本館 9室
2010年3月9日(火) ~ 2010年5月16日(日)
江戸時代、歌舞伎は庶民の三大娯楽のひとつで、歌舞伎役者のファッションは女性たちの憧れの的でした。大奥 の女性にとっても歌舞伎は大きな楽しみのひとつでしたが、歌舞伎を見に行くことは禁じられていました。また、将軍の妻子、大名の奥方や息女が暮らす大奥に は男性である歌舞伎役者が出入りすることは容易ではありません。そこで、女性の歌舞伎役者「お狂言師(きょうげんし)」が大奥で歌舞伎を演じたのです。

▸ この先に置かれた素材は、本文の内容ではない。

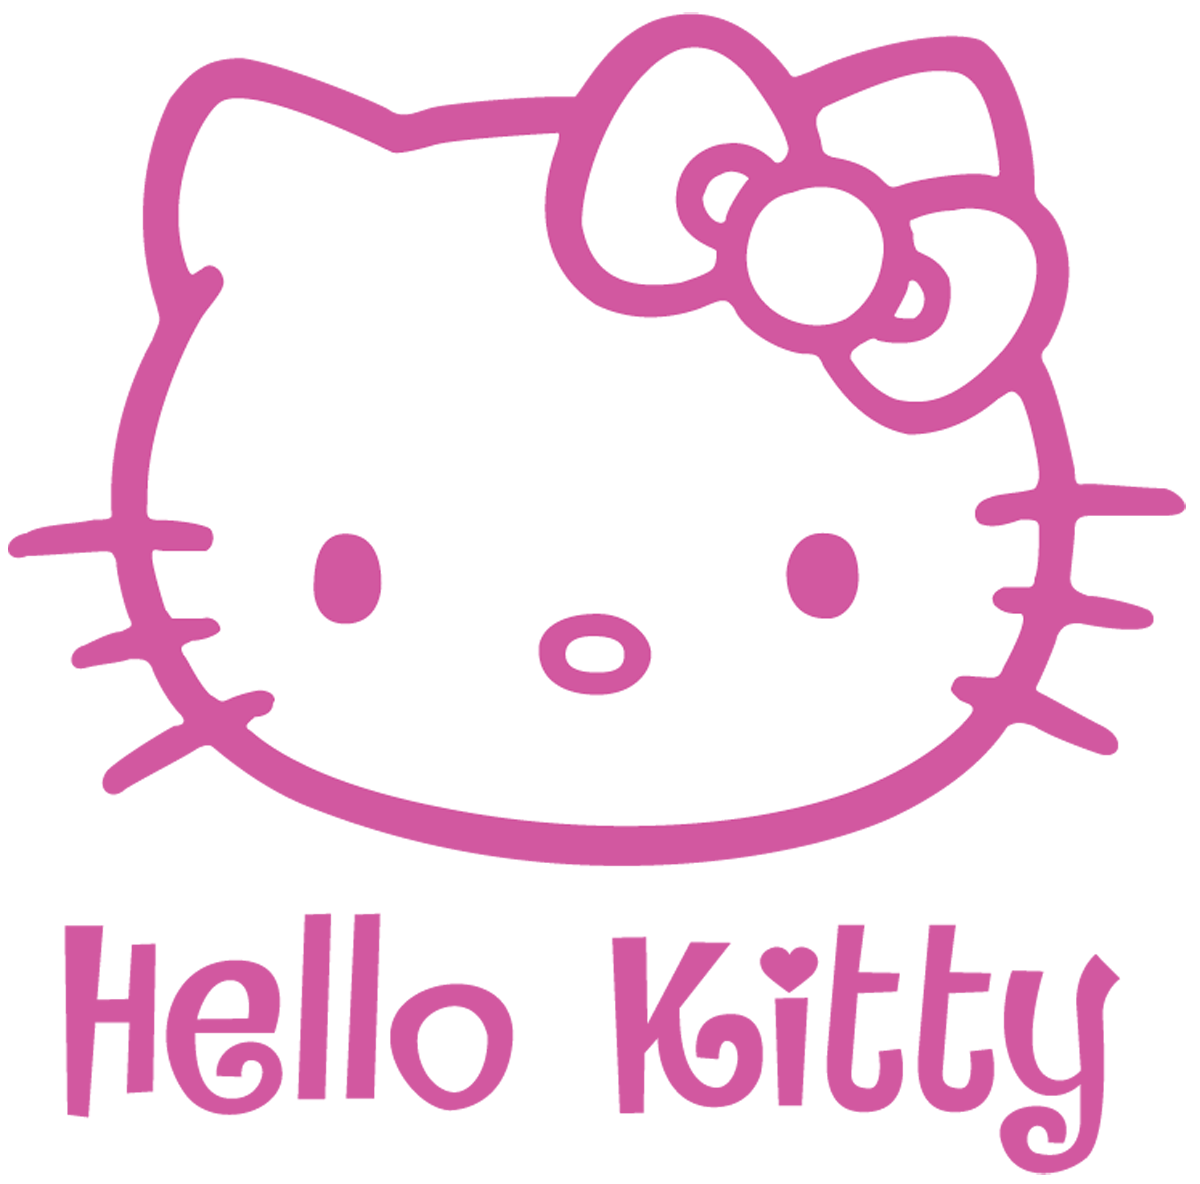 Hello Kitty Wallpaper Hd Download - Informasi Terbaru Dan ...

東京国立博物館が所蔵する江戸時代後期の歌舞伎衣裳の多くは、三代目坂東三津五郎(ばんどうみつごろう)(1775~1831)に弟子入りしたお狂言 師・坂東三津江(ばんどうみつえ)が使用したものです。坂東三津江は、特に11代将軍・徳川家斉の側室・専行院(お美代の方)やその娘である溶姫、末姫に 贔屓にされました。その活躍ぶりは遺された華麗な衣装の数々からもうかがえます。
今回は桜の季節にちなんで、桜満開の道成寺を舞台とした演目『京鹿子娘道成寺(きょうがのこむすめどうじょうじ)』の衣装、姫を演じるときに着ける、桜 をデザインした振袖などを展示します。肉厚の刺繍が生み出す大胆な模様と鮮やかな色彩が奏でる、あでやかな世界をお楽しみください。